Gesia JRI-Poland Wikimedia JHI

These are just four maps, and there are several more available. The three on the left are all fairly similar. They all leave out sections 1A and 1L (sub-sections of section 1), and they have two section 8s, instead of an 8 and 8A.

The map on the right, which is what I initially used to set up the section groups for this project, was designed by the Jewish Historical Institute, and is posted on the web site of the Jewish Community of Warsaw. Unlike the others, this map has a single section called 105, which on on the other maps is divided among 105, 106, and 107. This map has a section 8A replacing one of the two section 8s in the other maps.

None of these maps show section 7, which is actually in the lower portion of section 15, above where section 8A is on the JHI map.

The largest source of information on the burials in the Okopowa St. Cemetery in in the online database created by the Foundation for the Documentation of Jewish Cemeteries in Poland (FDJCP). If you take a look at the database and the information on more than 82,000 burials, you can get overwhelmed. As I mentioned previously (in The challenges of online cemetery research) the FDJCP database has very strict searching, so for example searching for Cohen returns nothing, but Kohen has several hits.

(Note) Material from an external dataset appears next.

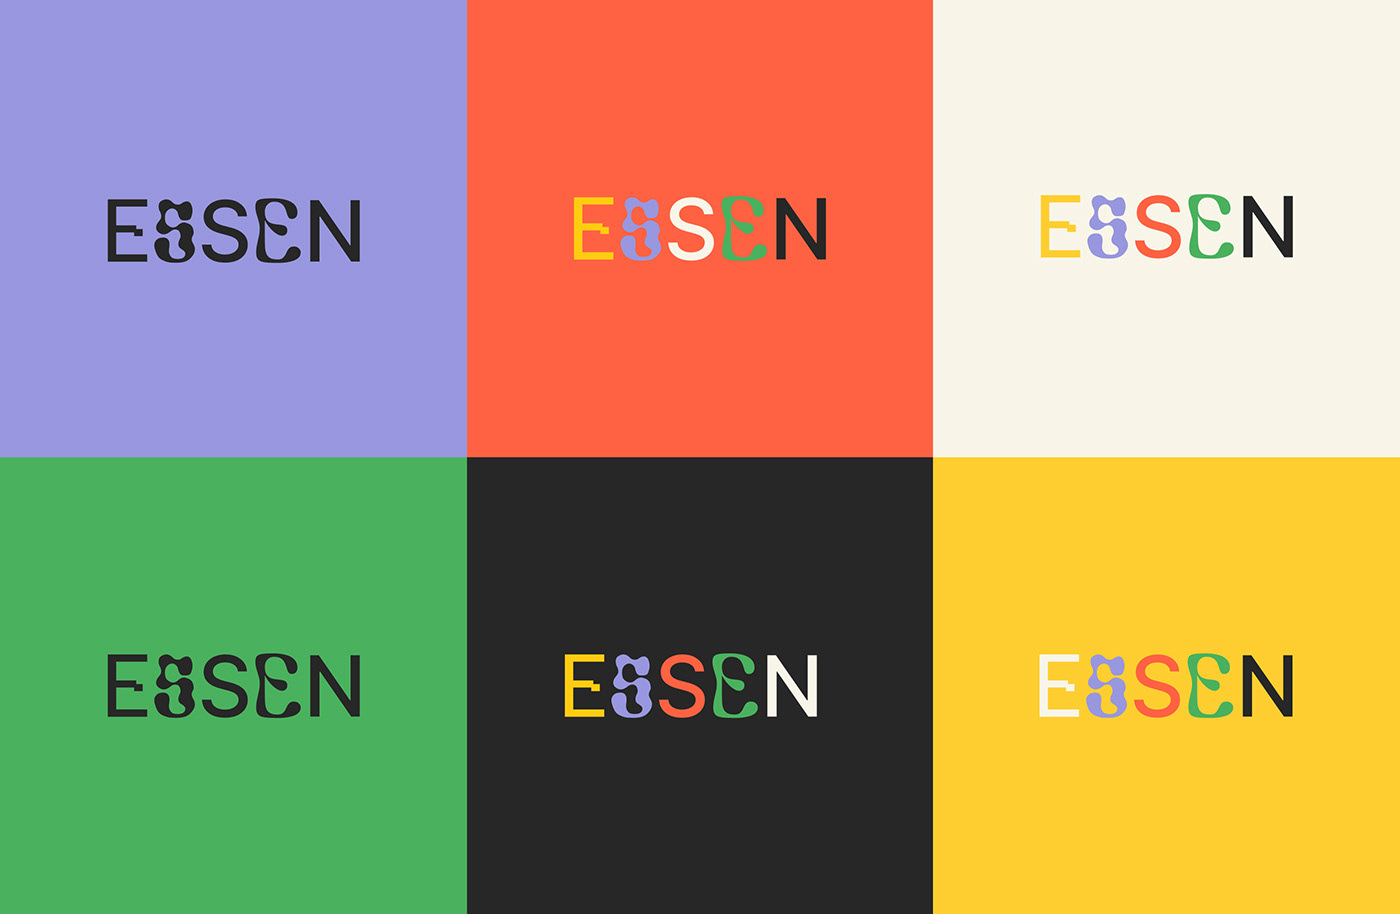 Advertising  branding  essen graphic system graphics identity poster typography   visual identity

The database has a lot of information, but also does not match up with any of these maps.

While all of the maps shows sections 2A, 2B, and 2C, the database is completely missing section 2B. It’s also missing any data on Section 5A (which is in all of the maps), has sections 12A and 12B (not on any map, although there are 2 section 12s, so presumably they’ve divided those into A and B), is missing section 16 (but does have 16A), has a 17A which is not on any map, has sections 64, 64A, and 64B, while the three maps on the left show two sections called 64, the JHI map shows those two sections labeled 64A and 64B, but does not have a third section called 64, and lastly the database is missing sections 101, 102, 103, 104, 106 and 107 altogether.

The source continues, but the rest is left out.